Bible Scholars suggesting... not recorded as it was actually happening. But that it was instead written down over the years, and perhaps compiled finally sometime when Shmuel was alive.

This is an explicit statement in the Gemara, Bava Batra 14b-15a:

Samuel wrote the book which bears his name and the Book of Judges and Ruth ... Jeremiah wrote the book which bears his name, the Book of Kings, and Lamentations.

That is, anything that happened during the many years between the Conquest of the Land and the Kingdom of David was "written down over the years, and compiled finally sometime when Shmuel was alive." And anything that happened during the centuries of the First Temple era was written down over the years, and compiled finally sometime when Jeremiah was alive.

In addition, there is a machloket about whether Moshe wrote the Torah as the events happened, or all at once at the end. (Source TBA)

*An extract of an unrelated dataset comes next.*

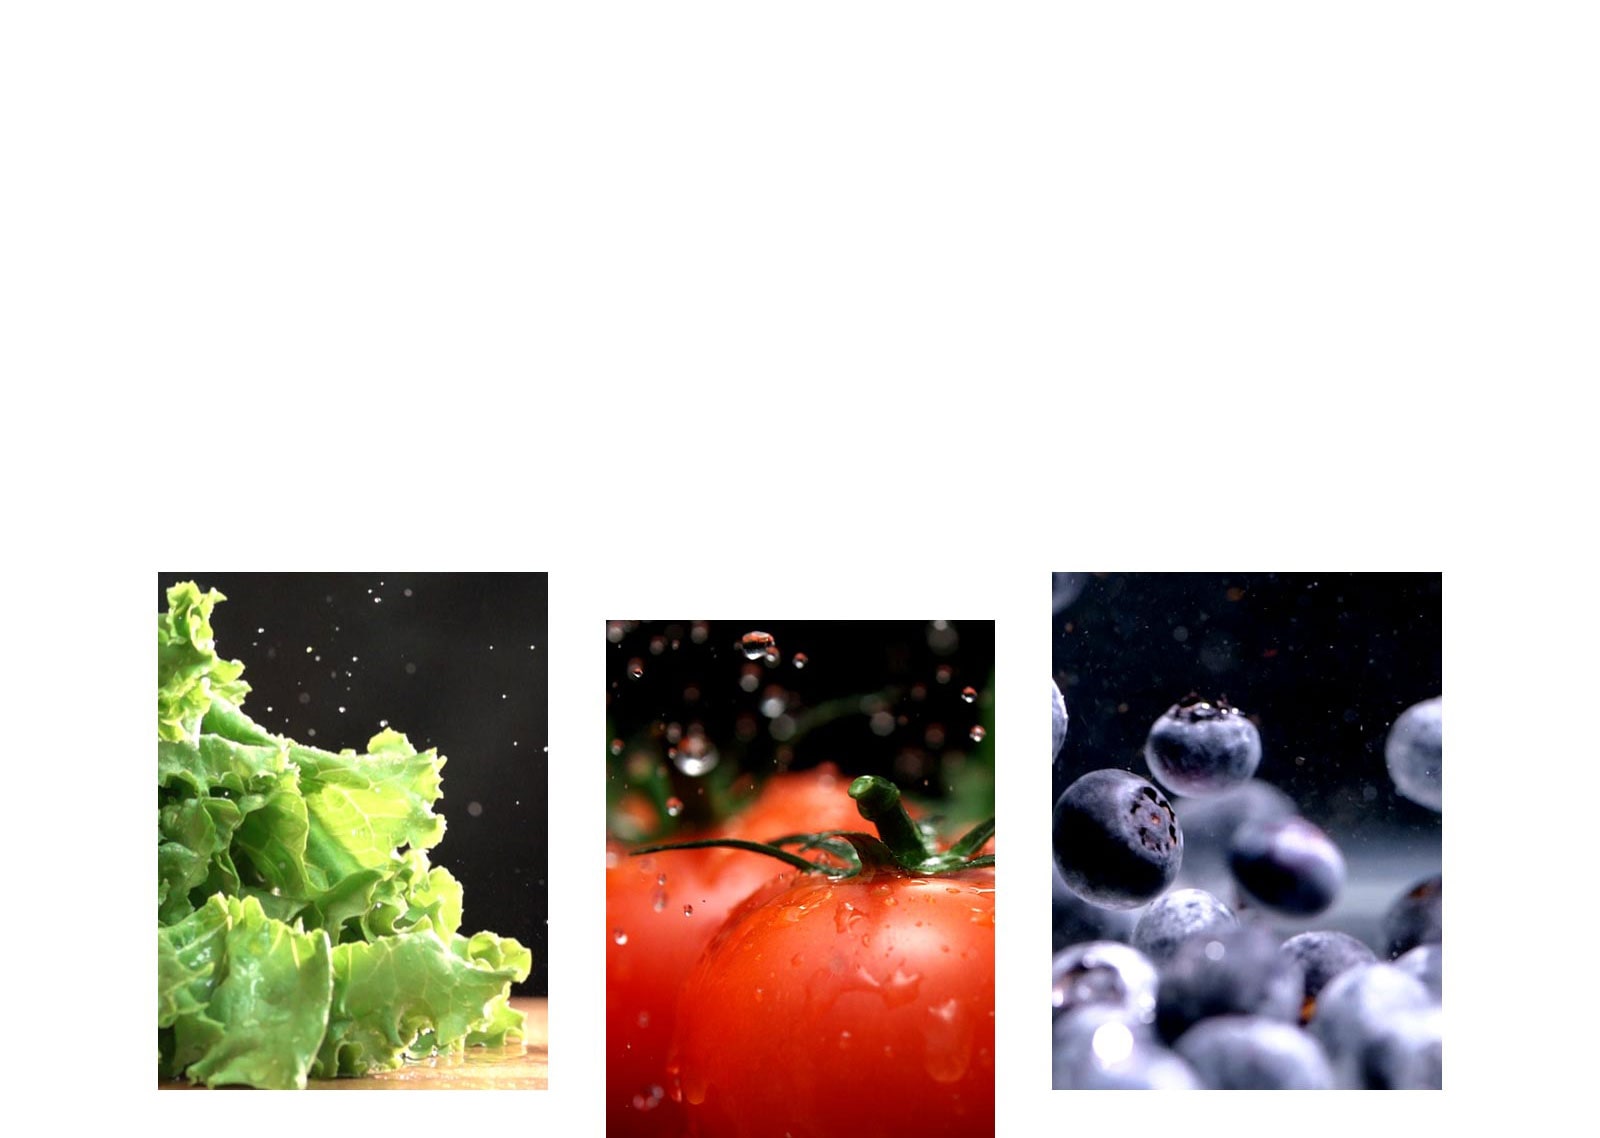 marul, domates ve yaban mersini gibi meyve ve sebzeler üründe taze tutulmaktadır.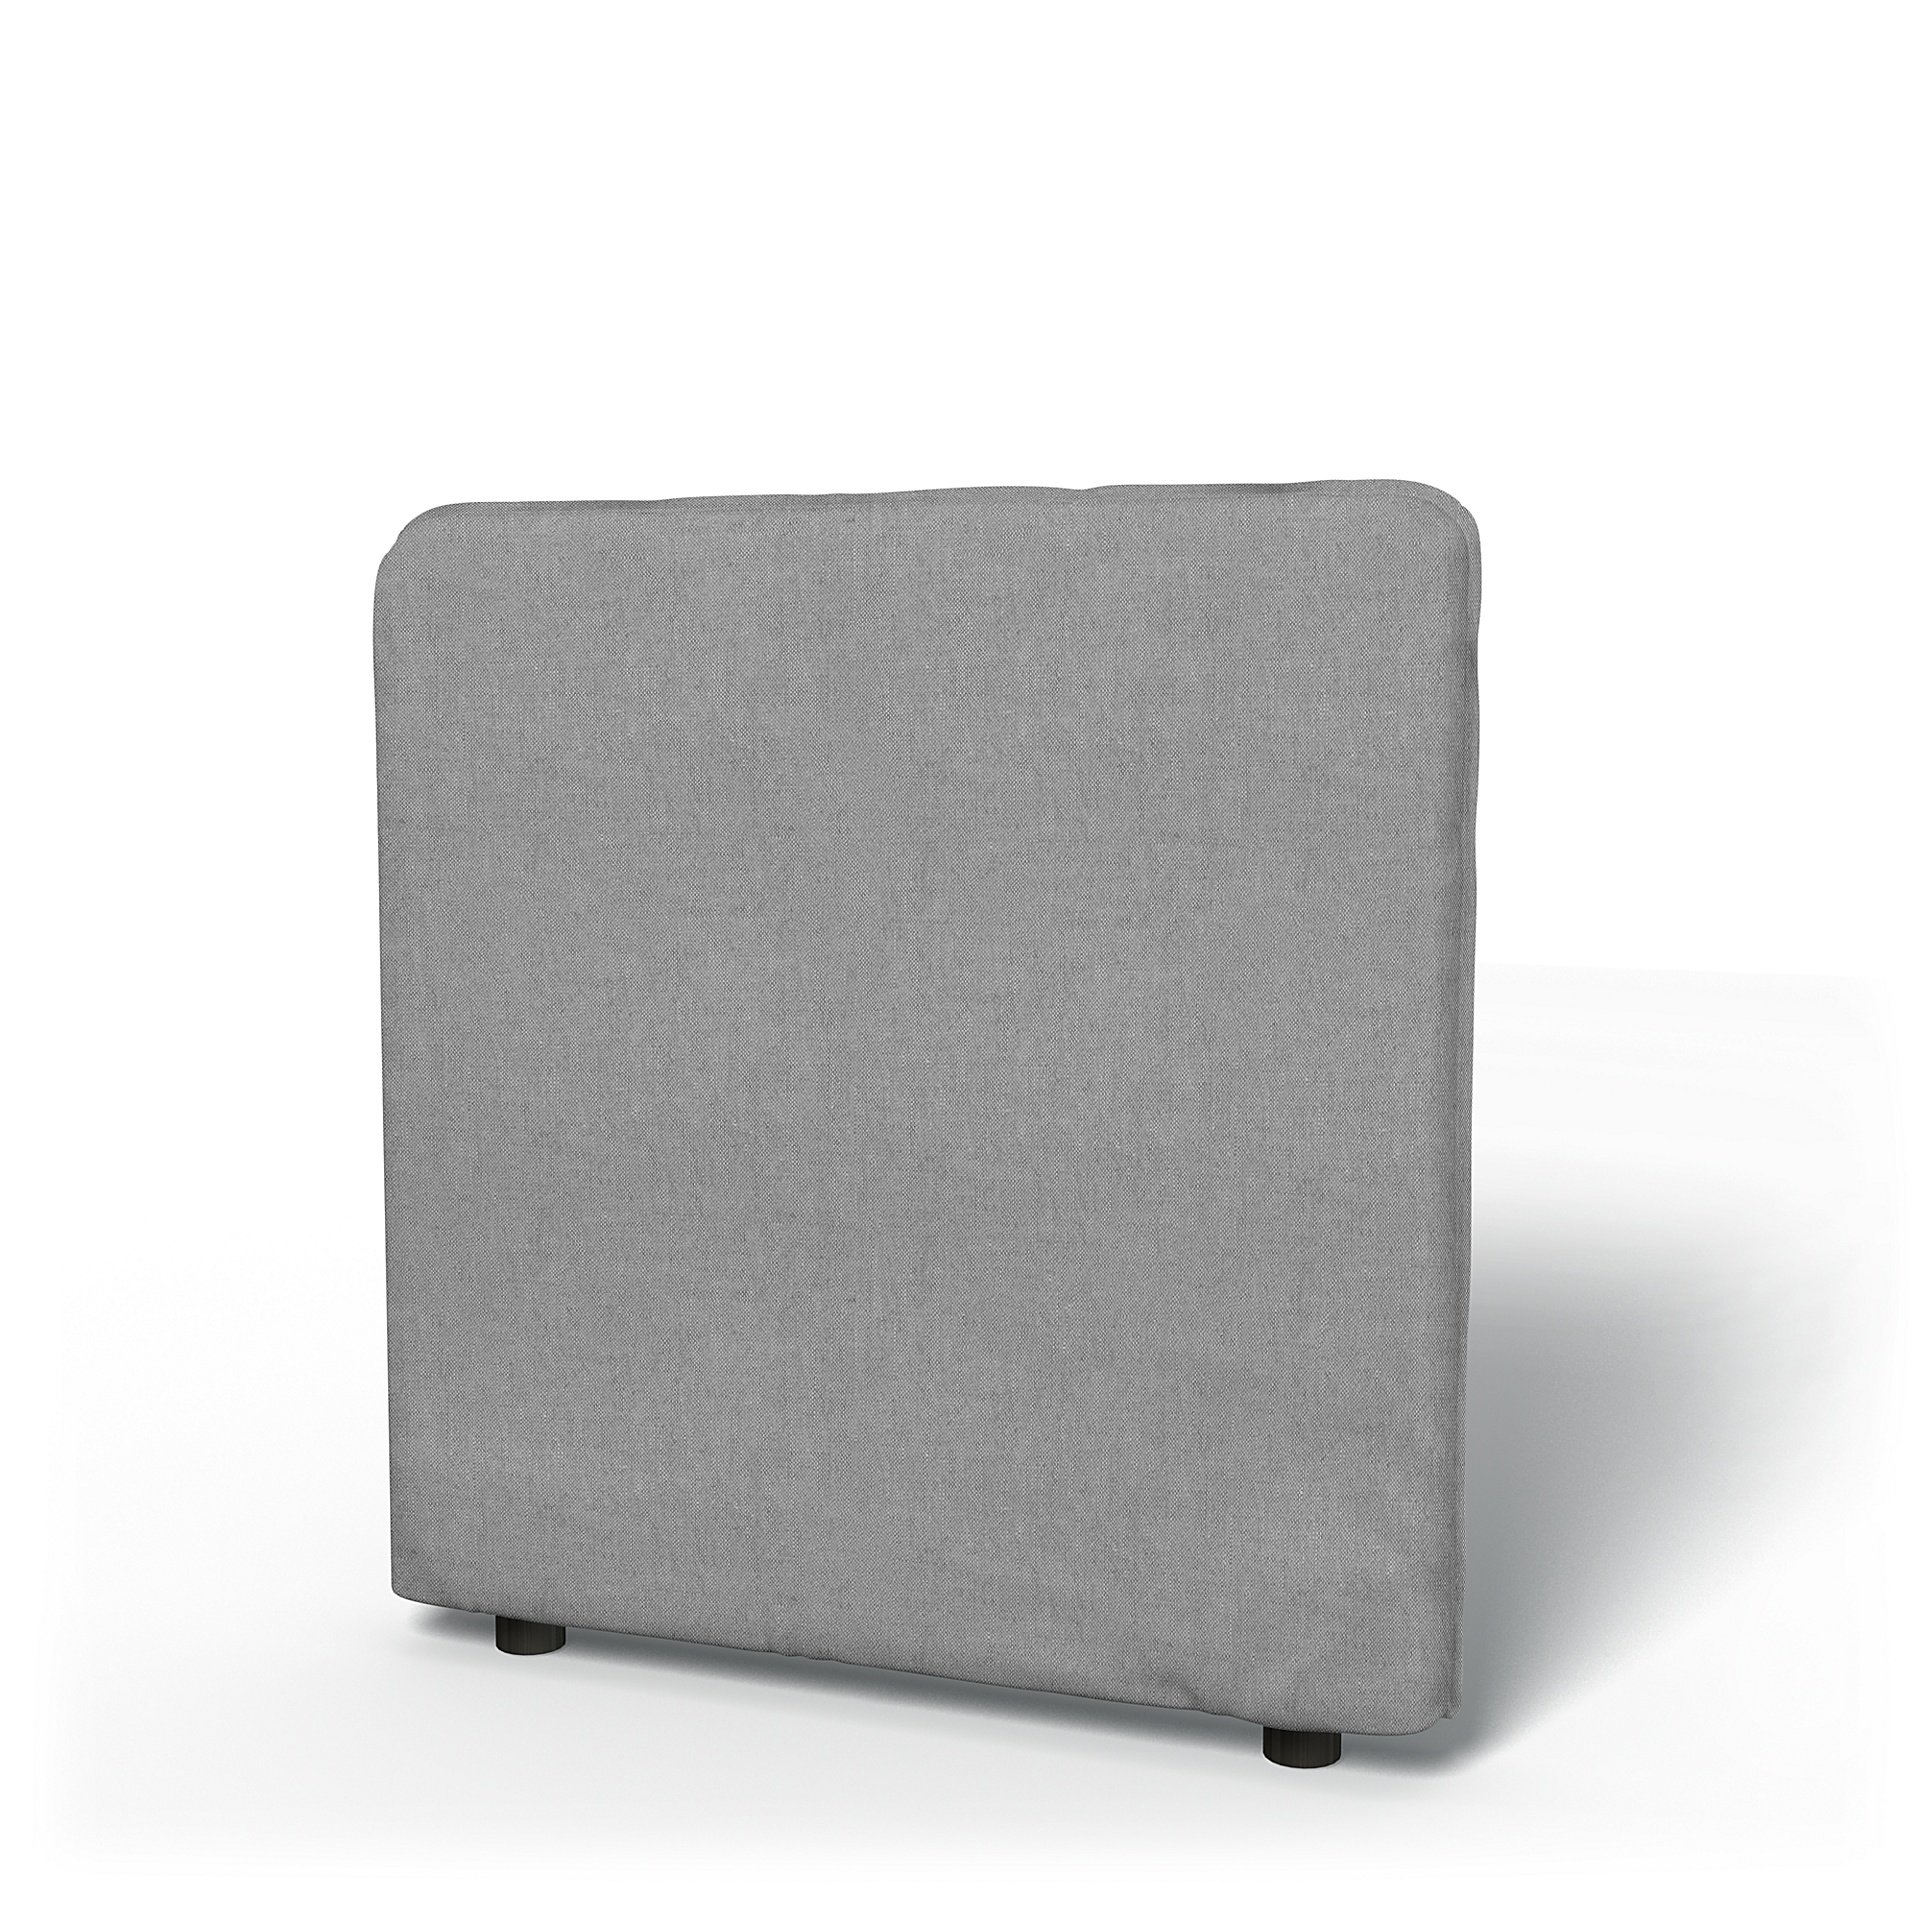 IKEA - Vallentuna Low Backrest Cover 80x80cm 32x32in, Graphite, Linen - Bemz

To date, there is no external (non-Biblical) evidence that the Exodus happened, that Moshe (or Avraham, Yitzchak, Yaakov, etc) ever lived, that the Mishkan existed, or that there was a Revelation at Mt Sinai. All we have to support these assertions are documents (the Torah) whose origins are disputed, and our Tradition, which is also suspect.

The only source for our tradition about the divine origins of the Torah and its mass-revelation at Sinai is... the Torah itself. Which leads to a circular argument: How do we know the Torah is divinely-ordained? Because it says so. Now, you could argue that it's based on a tradition, parent to child, going back thousands of years. But at this point in time, that's simply not true. Parents tell their children to look at the verses, not "it's true because Bubby and Zeydi said so." Which means that, bottom-line, our belief that it is true and divine is based on faith, and faith alone.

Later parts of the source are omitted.